Before you begin building a structure, you have to obtain permits and approvals from various civic bodies. This involves showing your plans to everyone from the building inspector to the fire captain to the health agent. In the best case, permitting is a Byzantine process requiring much patience and decent penmanship. (I begin to wonder how much more paperwork would be needed to nominate our house for sainthood.)
After several days of shuffling, stamping, stapling, and collating, we could see the light at the end of the tunnel. On a cool, early-Spring day, I dropped our kit off on the last stop of its red-taped odyssey: the Norwell Conservation Commission.
The Big Snag
A few days later, the Norwell Conservation Agent came by to look at our site. She looked about, took notes, and gave us some bad, bad news. Much of our lot fit the technical definition of a wetland, and consequently our project would be forced to operate under some rather onerous restrictions.
Before describing them, however, the term wetland requires a bit of explanation. The very word conjures images of a swamp, bayou, or tidal estuary, rife with manatees, mosquitoes, and malaria. It evokes liquid water, and this is somewhat misleading. According to the US Army Corps of Engineers and the Environmental Protection Agency, a wetland may or may not actually be saturated with surface or groundwater water at a given time, although it doesn’t necessarily require the constant presence of liquid water to be considered a wetland. The defining characteristics of a wetland are botanical. In other words, the presence of certain kinds of ferns, trees, or undergrowth determine whether or not a piece of land is considered a wetland, legally speaking. This is because the soil in a wetlands area is composed in such a way that only certain species are adapted to survive in them. (Believe it or not, Red Maple is wetland species.)

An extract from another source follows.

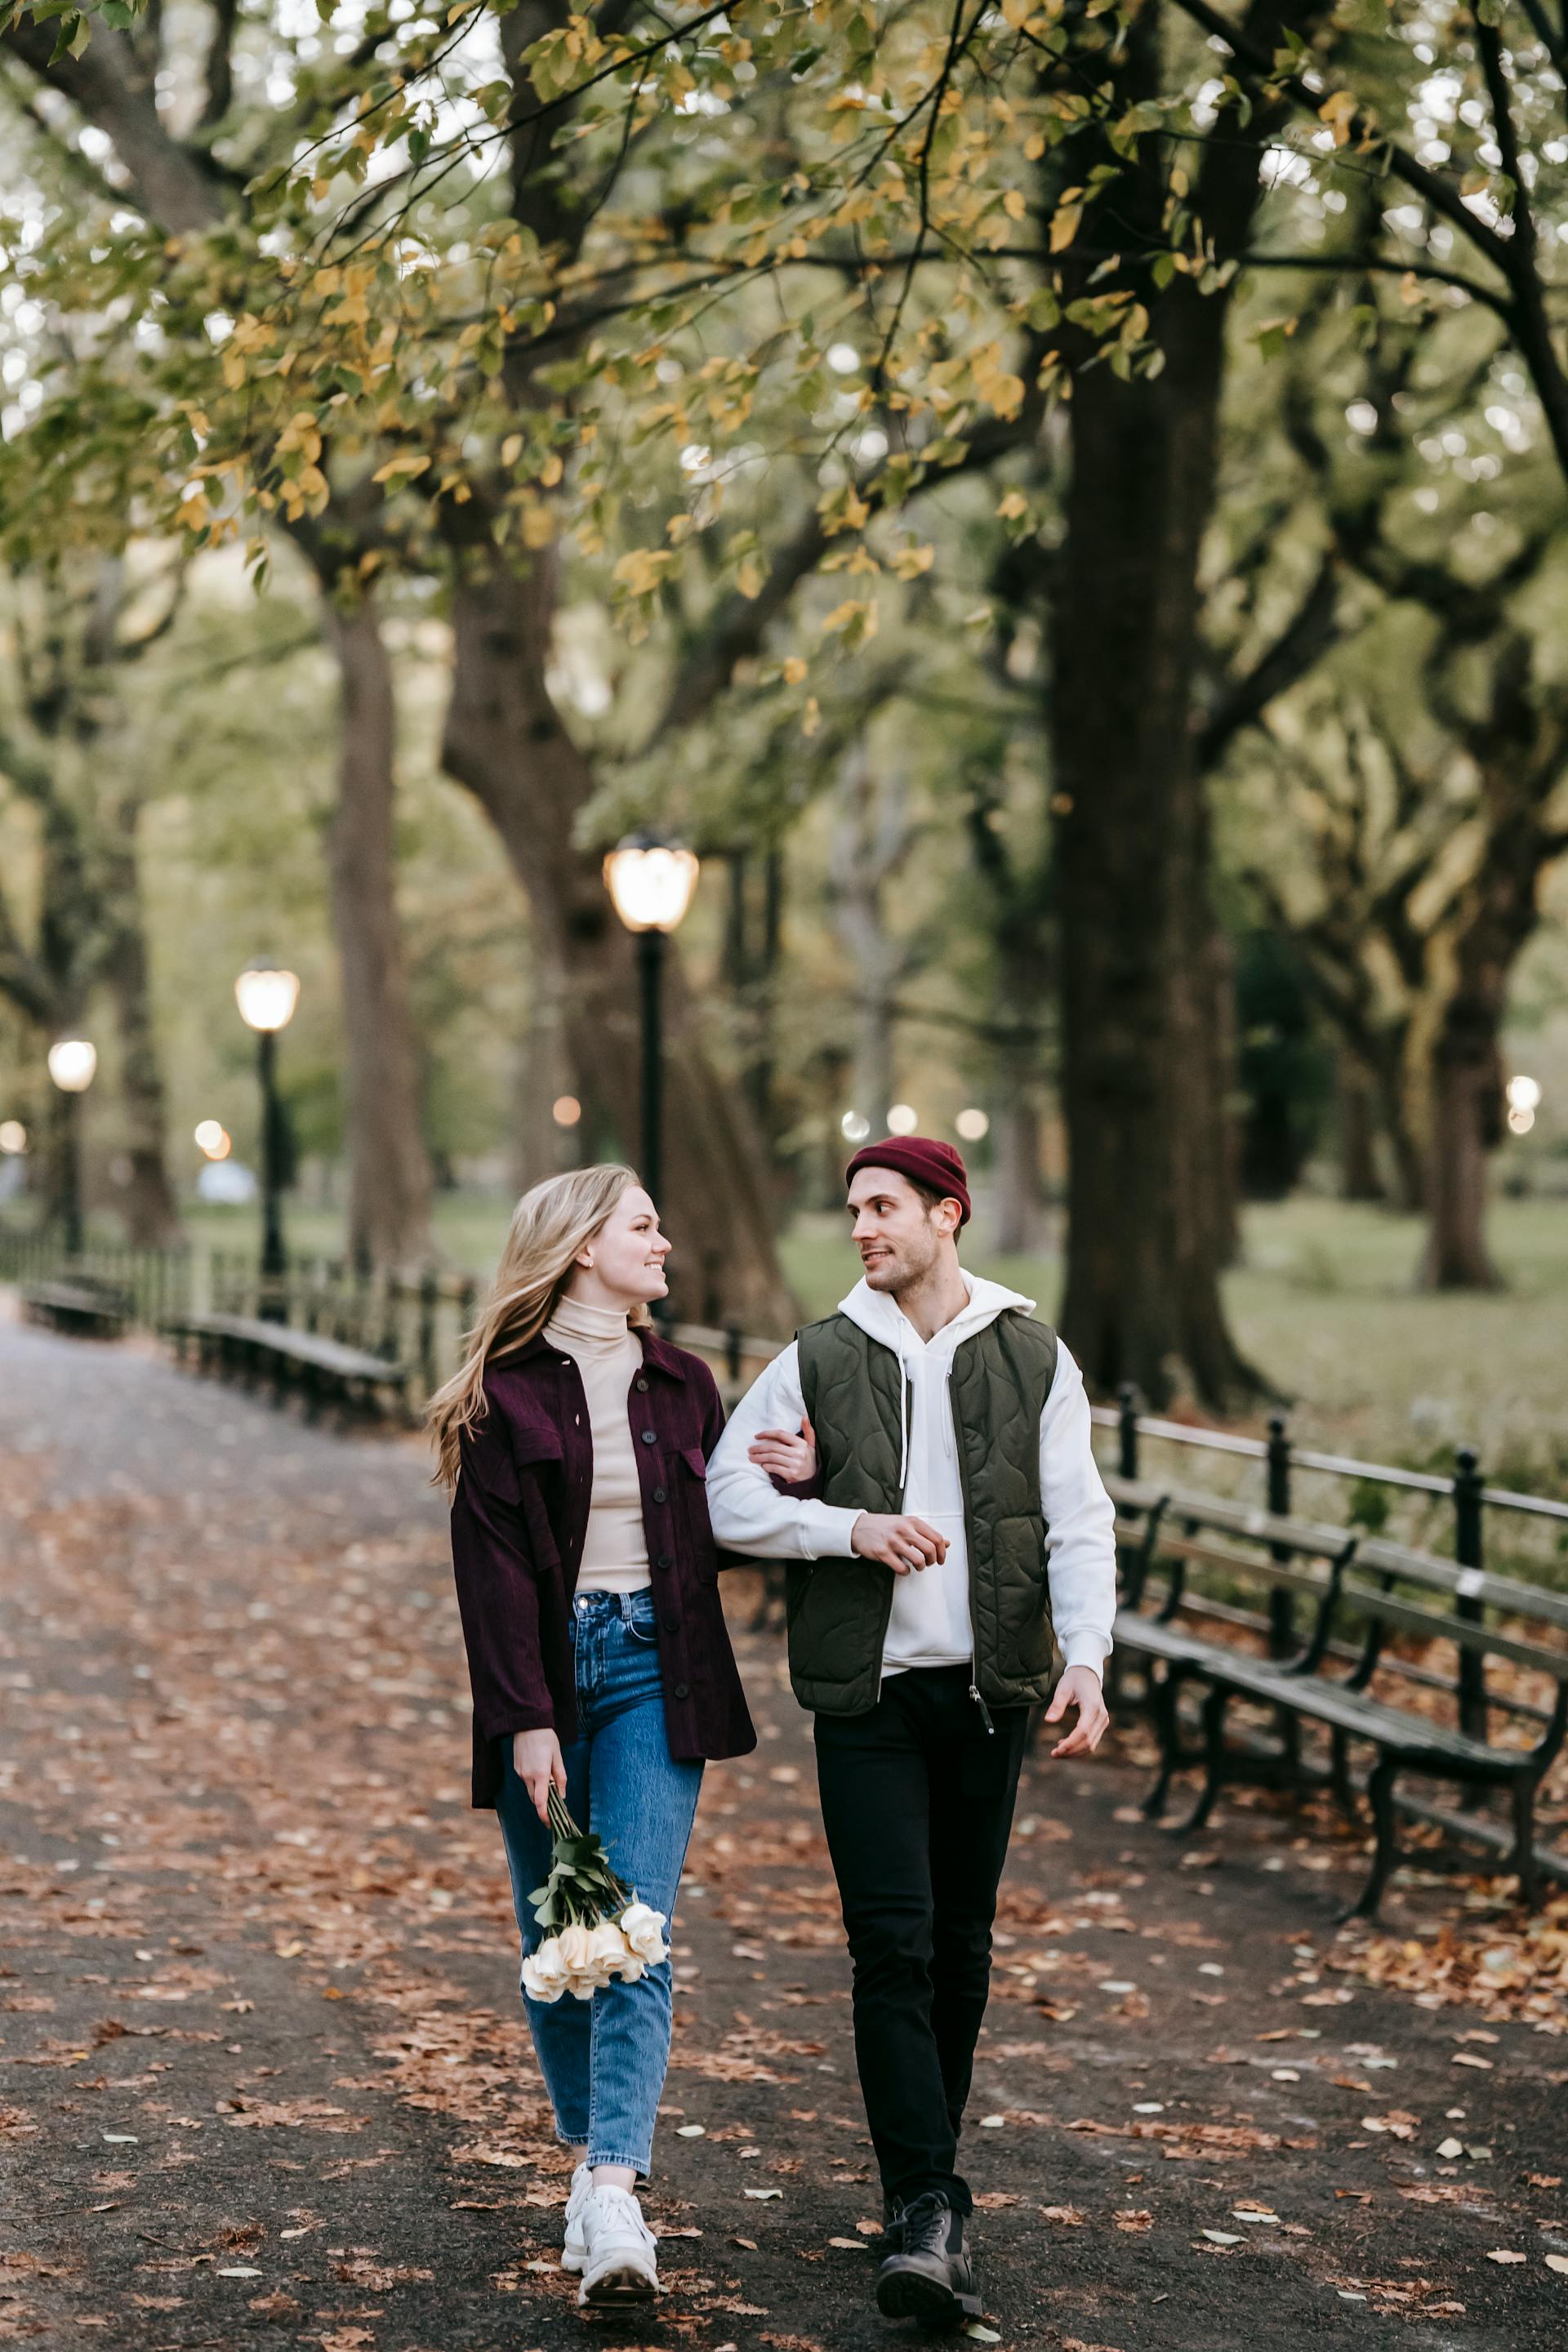 A couple strolling in a park | Source: Pexels

Much to our dismay, certain parts of our lot ran amok with a wide variety of wetland species. The Conservation Agent issued us a set of terms that had to be satisfied before we could proceed with construction. To wit, we were obligated to hire an environmental consultant to prepare an ecological impact statement. We also had to have a surveyor prepare detailed drawings of our lot, with elevations and markings denoting the flagged wetlands areas. Additionally, we had to design and install an erosion-control system, consisting of straw bales and plastic netting, which lined the perimeter of the wetlands areas.
There were other restrictions; namely, we couldn’t place a dumpster on site with several hundred feet of the flagged wetlands areas. Since our one-acre lot was barely 140 feet wide, this was a de facto ban on on-site waste disposal. Altogether, these conditions put us about six weeks behind schedule, and added tens of thousands of dollars of unexpected expenses to a project that hinged on thrift.
Steve Ivas: Environmental Consultant
Our first call after receiving the order of conditions from the Conservation Agent was Steve Ivas, an environmental consultant based in Norwell. I would highly recommend Steve to anyone contemplating land development in the South Shore of Massachusetts, and I will happily provide his contact information to anyone interested in retaining his services. Steve kept a bad situation from mushrooming out of control. He assisted us in preparing an impact statement, implementing erosion control measures, and surveying the affected areas. He also helped us understand the nature of the wetlands issues itself. He was featured prominently in a segment on the Bob Vila program.